Abstract The global growth in popularity of the World Wide Web has been enabled in part by the availability of browser-based search tools which in turn have led to an increased demand for indexing techniques and technologies. As the amount of globally accessible information grows, it is no longer cost-effective for quality indexes to be produced by professional indexers. The era of amateur indexers is thus upon us, and the information infrastructure needs to provide support for such indexing if search of the Net is to produce useful results.
In this paper, we propose the Concept Assigner, an automatic subject indexing system based on a variant of a Hopfield network [13]. In the application discussed herein, a collection of documents is used to automatically create a subset of a thesaurus termed a Concept Space [4]. A Concept Space is a semantic network consisting of concepts (noun phrases in the textual domain) and related concepts, and is computed based on co-occurrence relationships. These weighted relationships serve as the Hopfield network of concepts (nodes) and their associations (weights).
To automatically index an individual document, concepts extracted from the document become the input pattern to the network.

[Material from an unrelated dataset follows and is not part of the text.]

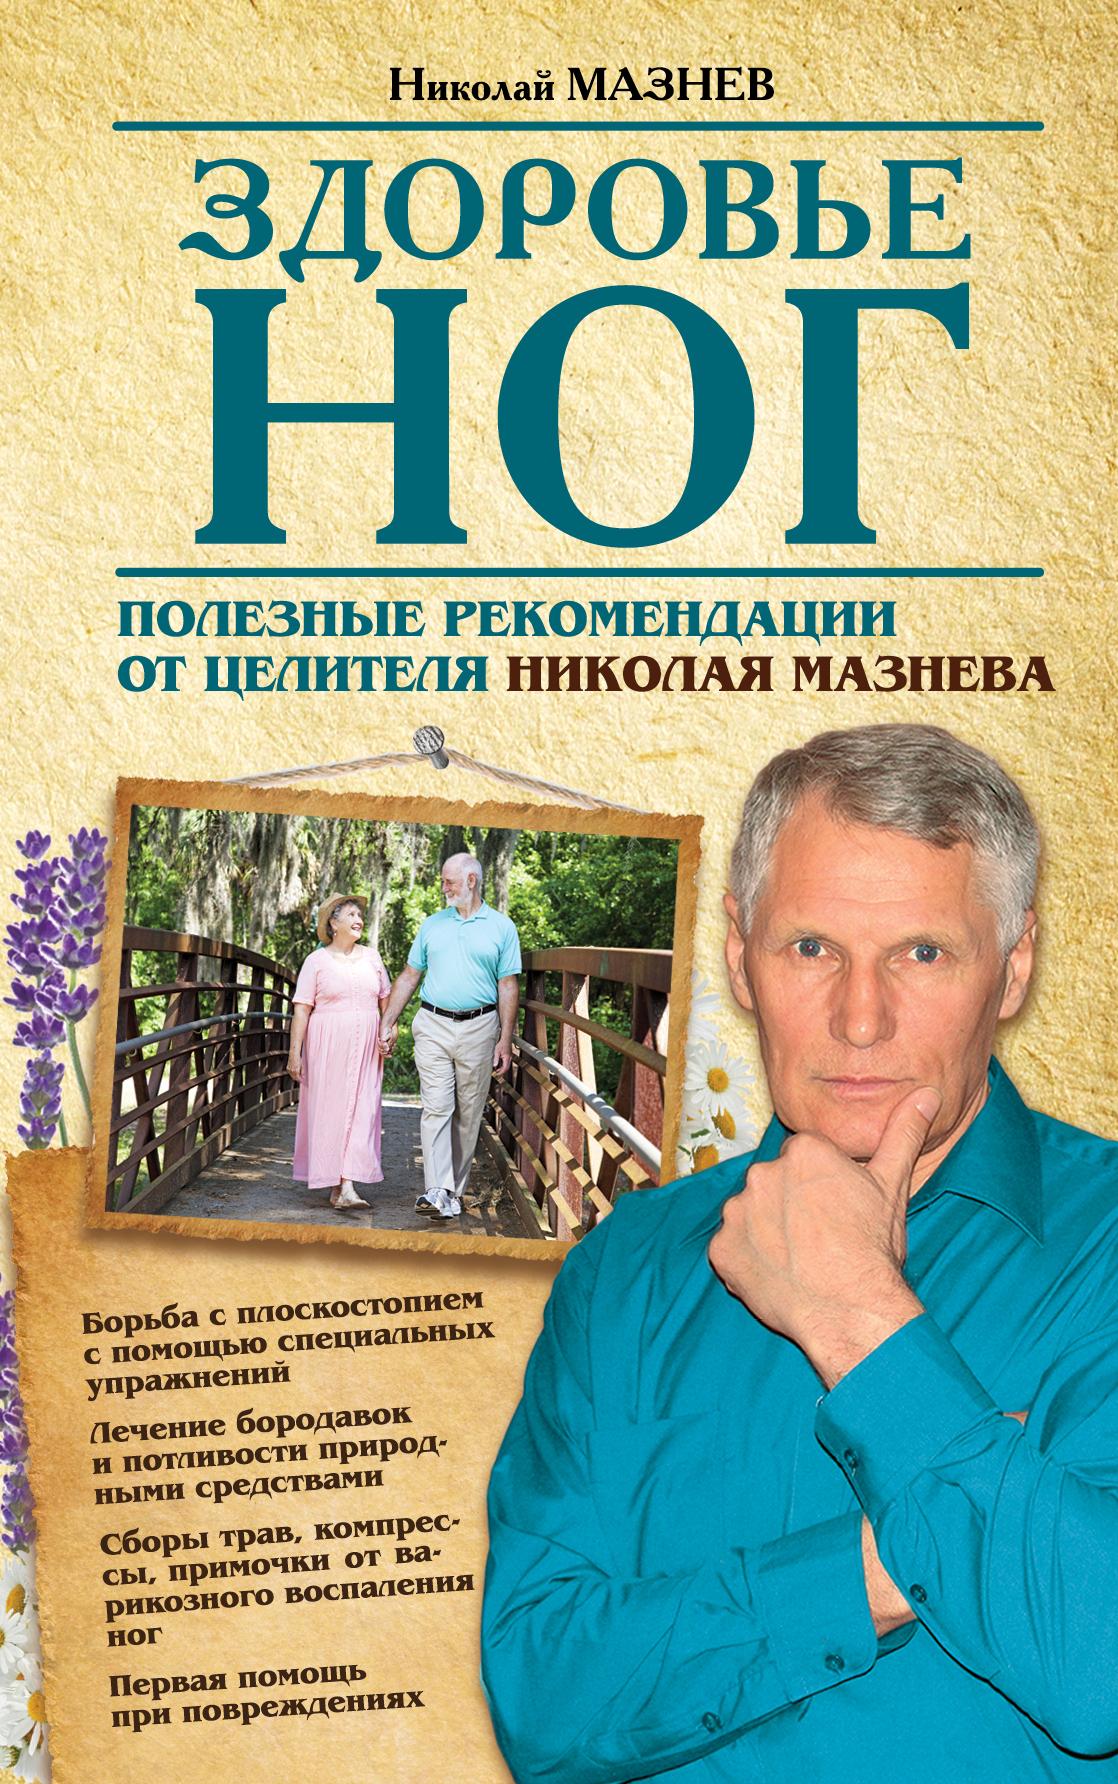 Здоровье ног. Полезные рекомендации от целителя Николая Мазнева.
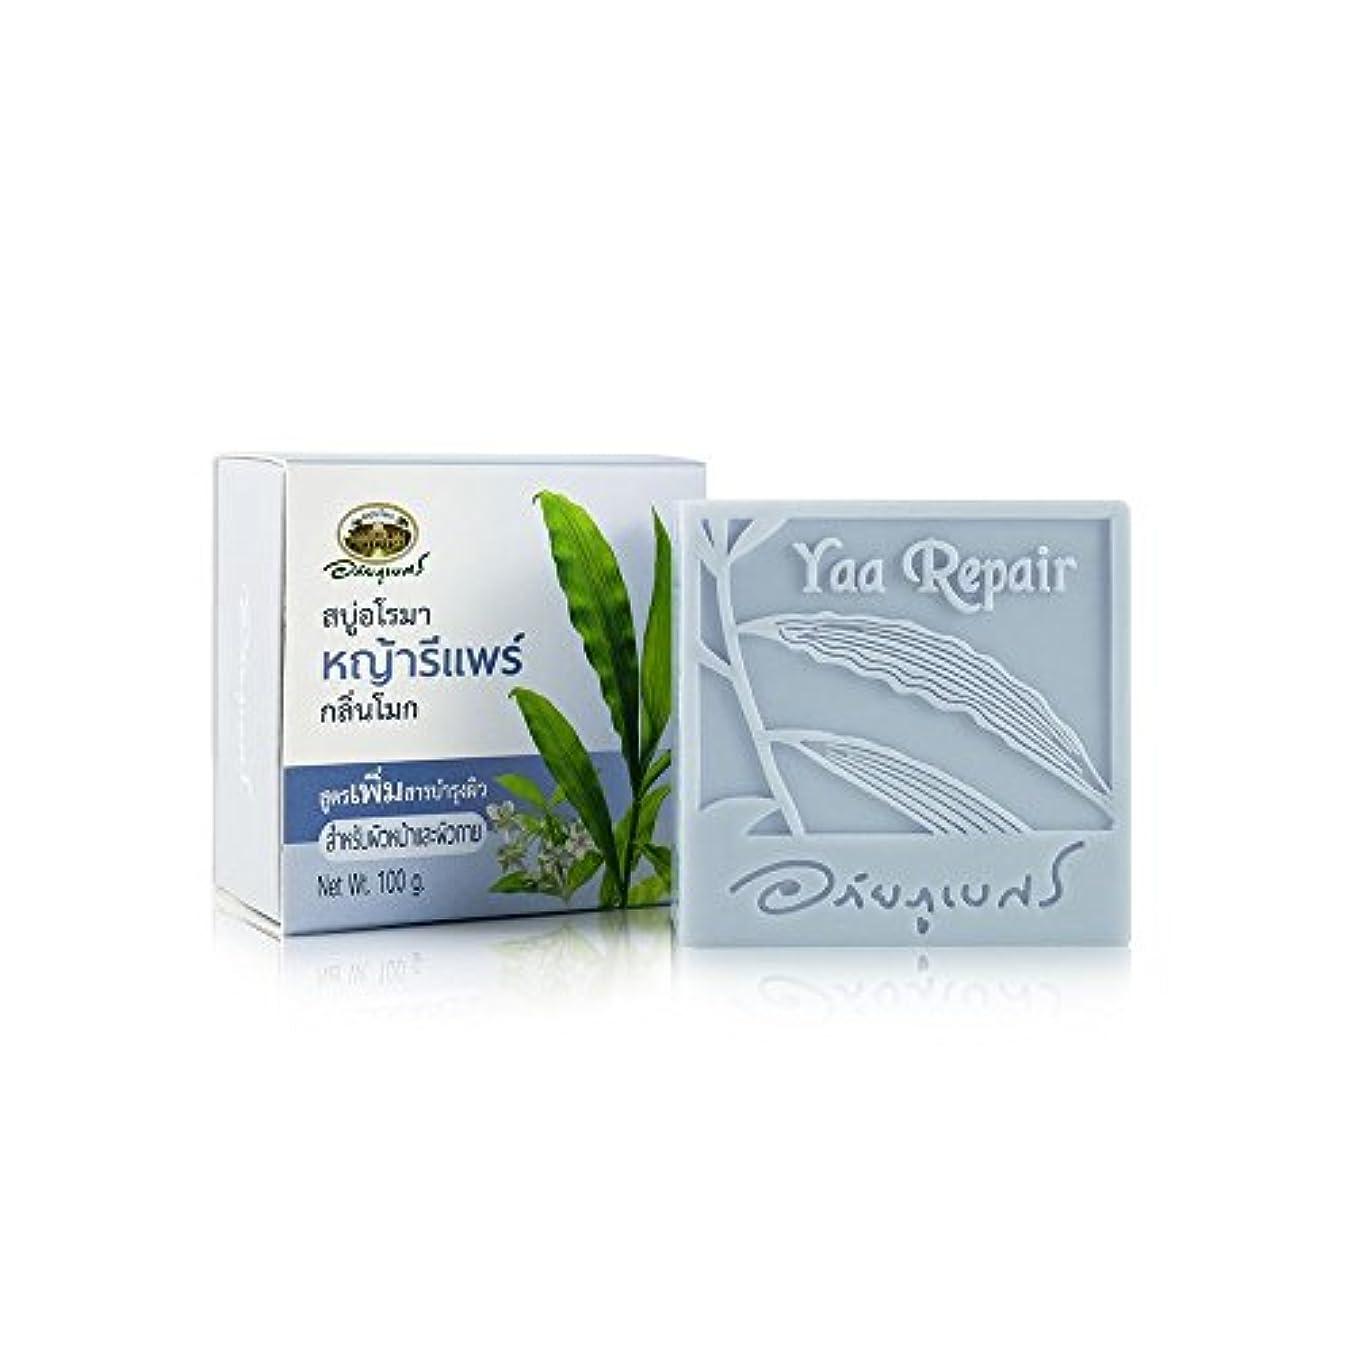 平日育成球状Abhaibhubejhr Thai Aromatherapy With Moke Flower Skin Care Formula Herbal Body Face Cleaning Soap 100g. Abhaibhubejhr...

After completion of the Hopfield net parallel spreading activation process, the output from the network produces another set of concepts that are strongly related to the concepts of the input document. Since the initial Concept Space contains knowledge obtained from the entire collection, the system is able to find a set of global concepts drawn from the entire collection without restriction. These concepts are analogous to concept descriptors (i.e., keywords) of the document. The system can be further used as a computer-aided subject indexing tool in an interactive environment in which system-suggested concepts can be reviewed by a human indexer to generate the index. The system can thus assist an indexer both by speeding the indexing process and improving vocabulary consistency.
A prototype of our automatic subject indexing system has been implemented as part of the Interspace, a semantic indexing and retrieval environment which supports data persistence and remote execution across the Internet.
![]()